# [Risk] In Risk can you attack twice with the same army?



## Simplicity (Jul 23, 2004)

Looking for a quick answer to a Risk rules question.  I know this is a weird 
place to ask it, but I figured someone here would know.  In Risk, can the same army attack twice in a turn?

So if you have armies in territory A, you can attack a territory someone else
owns, B.  Can you then attack from B to C in the same turn?


----------



## HellHound (Jul 23, 2004)

Yes. It's the primary way the game is won.
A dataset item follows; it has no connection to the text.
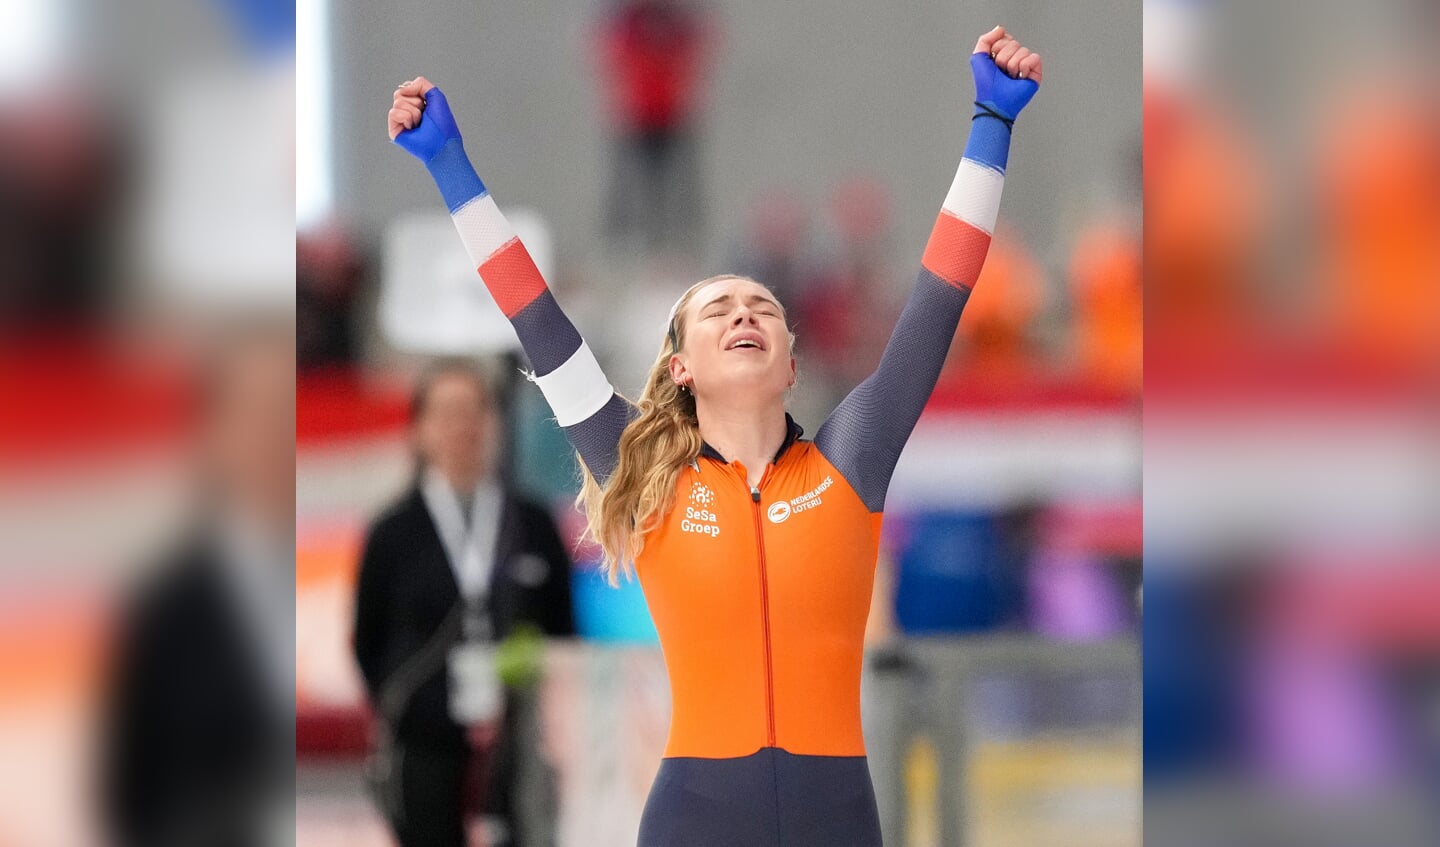 INZELL, GERMANY - MARCH 10: Joy Beune of The Netherlands celebrating her win after competing on the Women's 5000m during the ISU World Speed Skating Allround Championships at Max Aicher Arena on March 10, 2024 in Inzell, Germany. (Photo by Douwe Bijlsma/Orange Pictures)
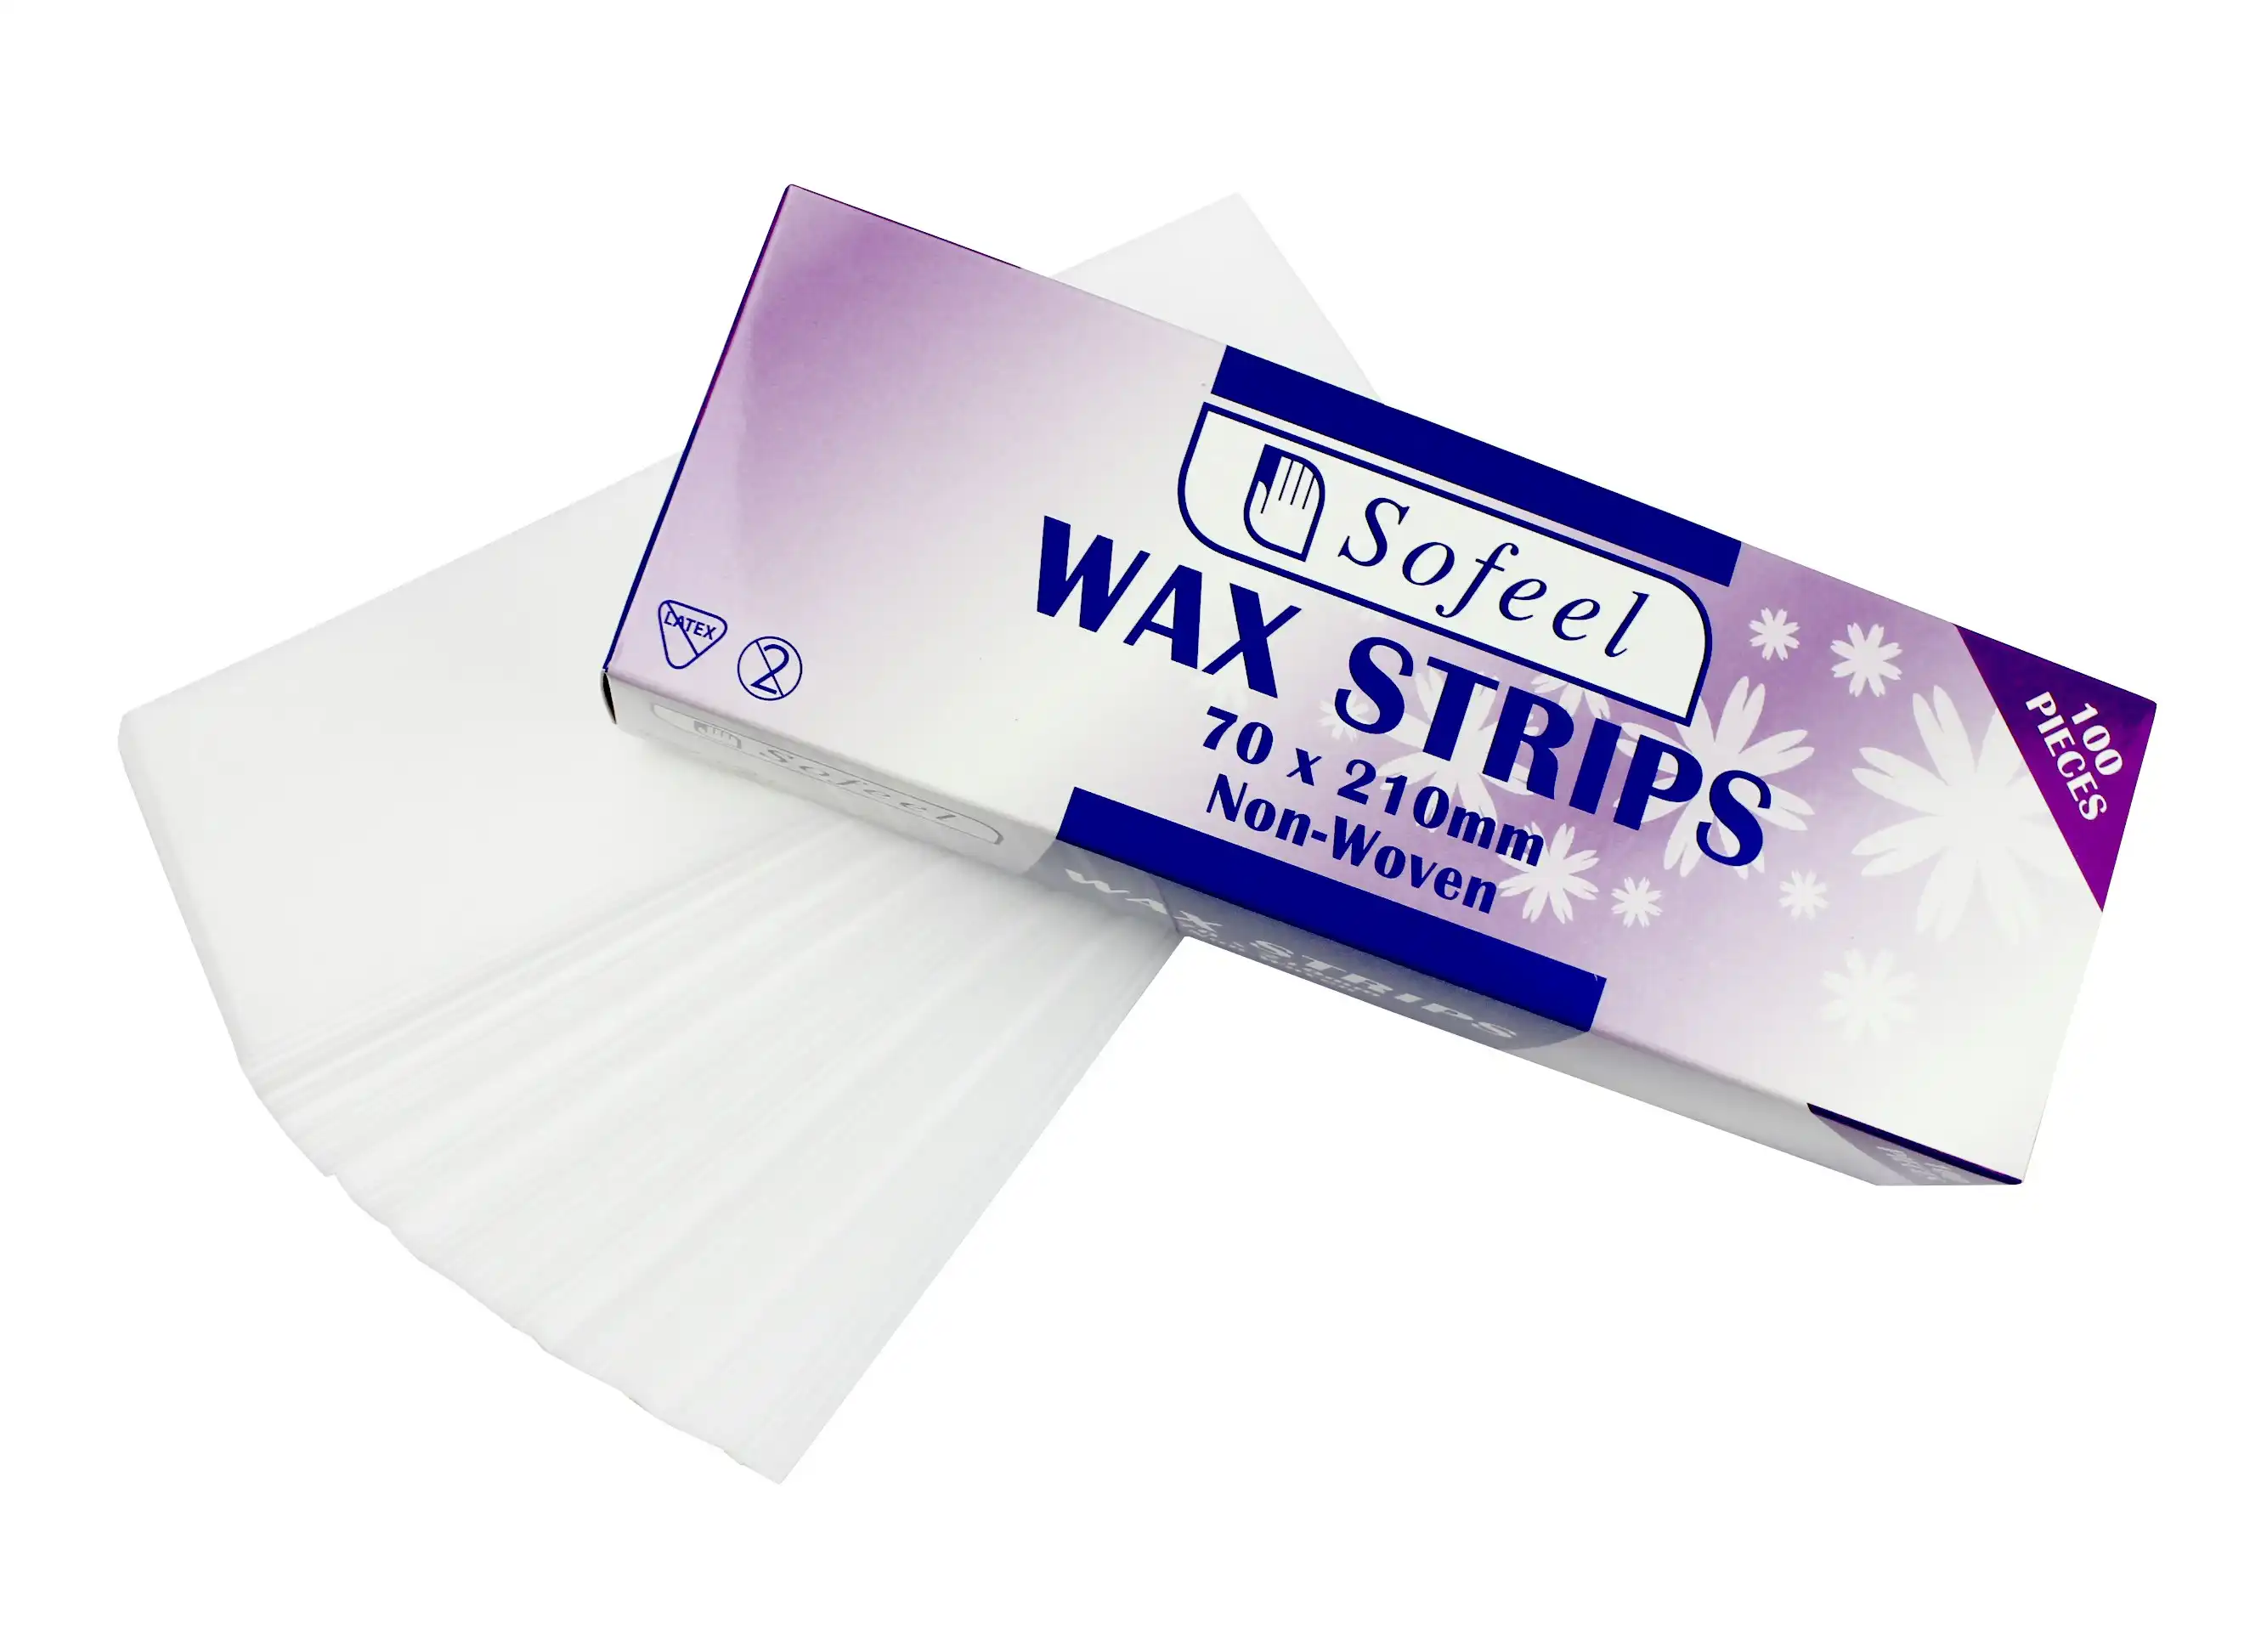 Sofeel Wax Strips Non Woven 7 x 21 cm 100 Pack

-Jason Parent (who came in second last year at the RISK2210 championships @ GenCon)


----------



## Tar-Edhel (Jul 23, 2004)

Simplicity said:
			
		

> Looking for a quick answer to a Risk rules question. I know this is a weird
> place to ask it, but I figured someone here would know. In Risk, can the same army attack twice in a turn?
> 
> So if you have armies in territory A, you can attack a territory someone else
> owns, B. Can you then attack from B to C in the same turn?



 Funny question

Answer is yes. Have fun


----------



## Simplicity (Jul 23, 2004)

Oh my...  I sure have been playing this game wrong for a long time.
Thanks!


----------



## HellHound (Jul 23, 2004)

Simplicity - 

You probably played Axis & Allies (or another area-impulse mechanic game) before playing RISK. In a lot of non-RISK area-impulse games you can only move / attack with an army once per turn, unless you have a special "blitzkrieg" ability which allows a follow-through attack. RISK on the other hand, has no such restrictions for combat movement (but severely restricts non-combat movement of forces).


----------



## dcollins (Jul 23, 2004)

Yes.

Although it's funny that growing up I played Risk in about a half-dozen households, and never saw it played the same way twice. (Everyone reading the same rules, not intentionally house-ruling stuff or anything like that.)

I saw:
- Can keep attacking with any armies available anywhere
- Can only attack from a given territory into one other territory per turn
- Can keep attacking until you fail an attack roll, then your turn is over
- Can only make one attack roll per territory with armies in it
Etc.


----------



## Elric (Jul 23, 2004)

Also, this isn't related to the rules, but in a situation where the attacker rolls 3 dice and the defender rolls 2, the attacker wins something like 54% of the time.  So attack away


----------



## Fieari (Jul 23, 2004)

Ah risk... great fond memories of this game.  It's what first taught me the basics of all strategic game.  I'm surprised at how many people think Risk is a game of pure chance... it's a game of statistics but most importantly, STRATEGY.

The "You can keep attacking on your turn as long as you have legal attacks to make" rule is a large part of this strategy, by the way.  It also shortens what is already a very long game to play.  And yes, it is an official rule.

Offense beats Expansion!
Expansion beats Defense!
Defense beats Offense!


----------



## Simplicity (Jul 23, 2004)

HellHound said:
			
		

> Simplicity -
> 
> You probably played Axis & Allies (or another area-impulse mechanic game) before playing RISK. In a lot of non-RISK area-impulse games you can only move / attack with an army once per turn, unless you have a special "blitzkrieg" ability which allows a follow-through attack. RISK on the other hand, has no such restrictions for combat movement (but severely restricts non-combat movement of forces).




Indeed, I have...  I played Risk first though.  My main problem, as dcollins said, is that no one ever plays the game the same way.  And every rulebook I've ever seen has been VERY unclear about this particular aspect of the game.  I've also played the game about 6 different ways over my life.


----------



## dcollins (Jul 23, 2004)

It's funny, but I agree that for some reason it's been difficult for the Risk rules to express this. I think part of the problem is that people bring a natural bias to the game that in one time-period (turn = a month?) an army shouldn't be able to march from one end of the world to another. The key is that nowhere is there any restriction or need to keep track of what army did what.

Here's a key snippet from "Risk Questions" from the Risk rulebook, (c) 1980:



> *Q. How long may I attack on a turn?*
> A. On a single turn, you may - if you wish - attack any adjacent territories for as long as you like, provided you have at least two armies on the territory you're attacking from.




So the only salient questions, looking at a Risk board, are: (a) is my territory adjacent to an enemy?, and (b) does it have two or more armies in it? If the answer is "yes" to both, then you can attack. There are no other limitations or restrictions.


----------



## Thanee (Jul 23, 2004)

Now the big question is... when will we see Risk d20? 

 Bye
 Thanee


----------